## Task statement
Transcribe the data verbatim and drop its images.

## Recorded data
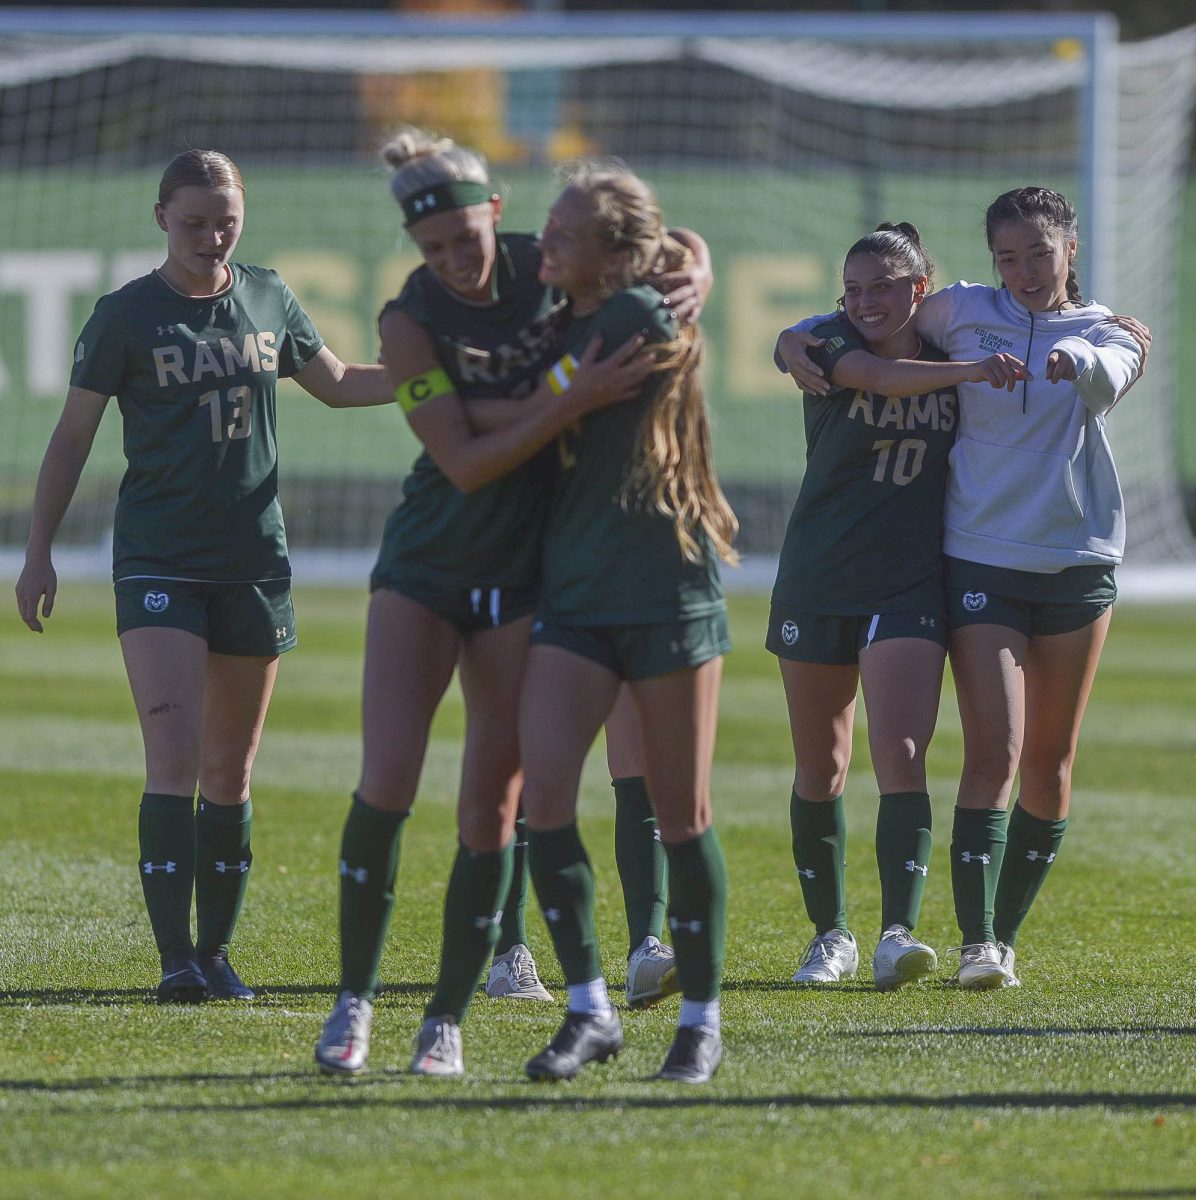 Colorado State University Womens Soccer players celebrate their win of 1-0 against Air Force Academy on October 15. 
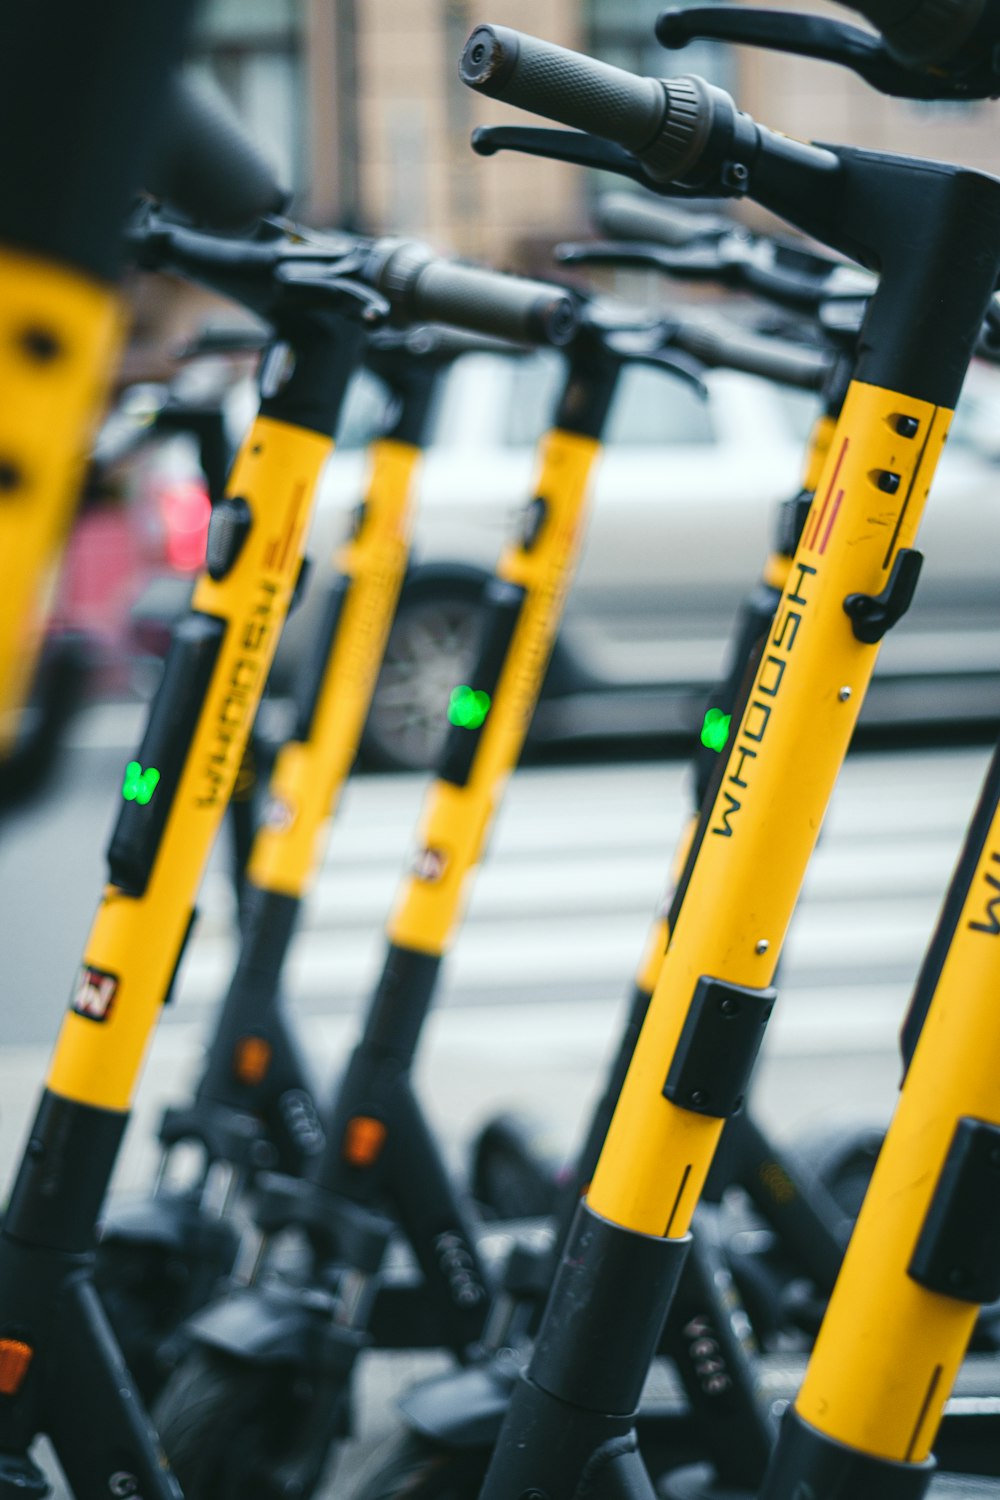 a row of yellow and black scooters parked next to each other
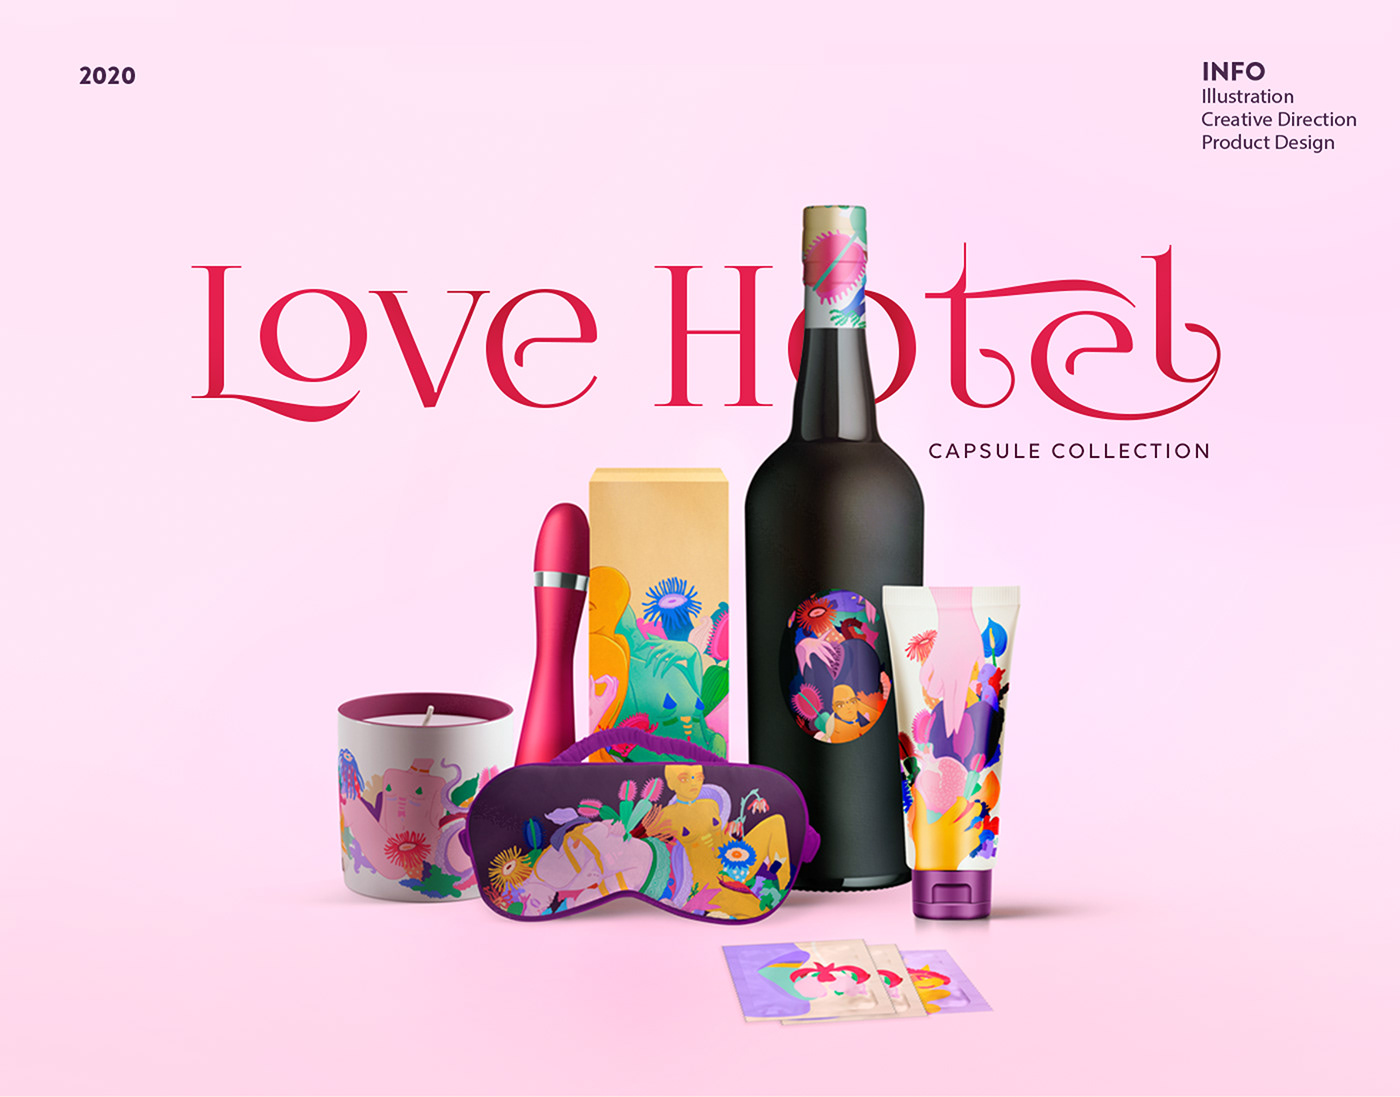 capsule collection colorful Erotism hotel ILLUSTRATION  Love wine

## Solution to this problem
 Colorado State University Womens Soccer players celebrate their win of 1-0 against Air Force Academy on October 15. 
 a row of yellow and black scooters parked next to each other
 capsule collection colorful Erotism hotel ILLUSTRATION  Love wine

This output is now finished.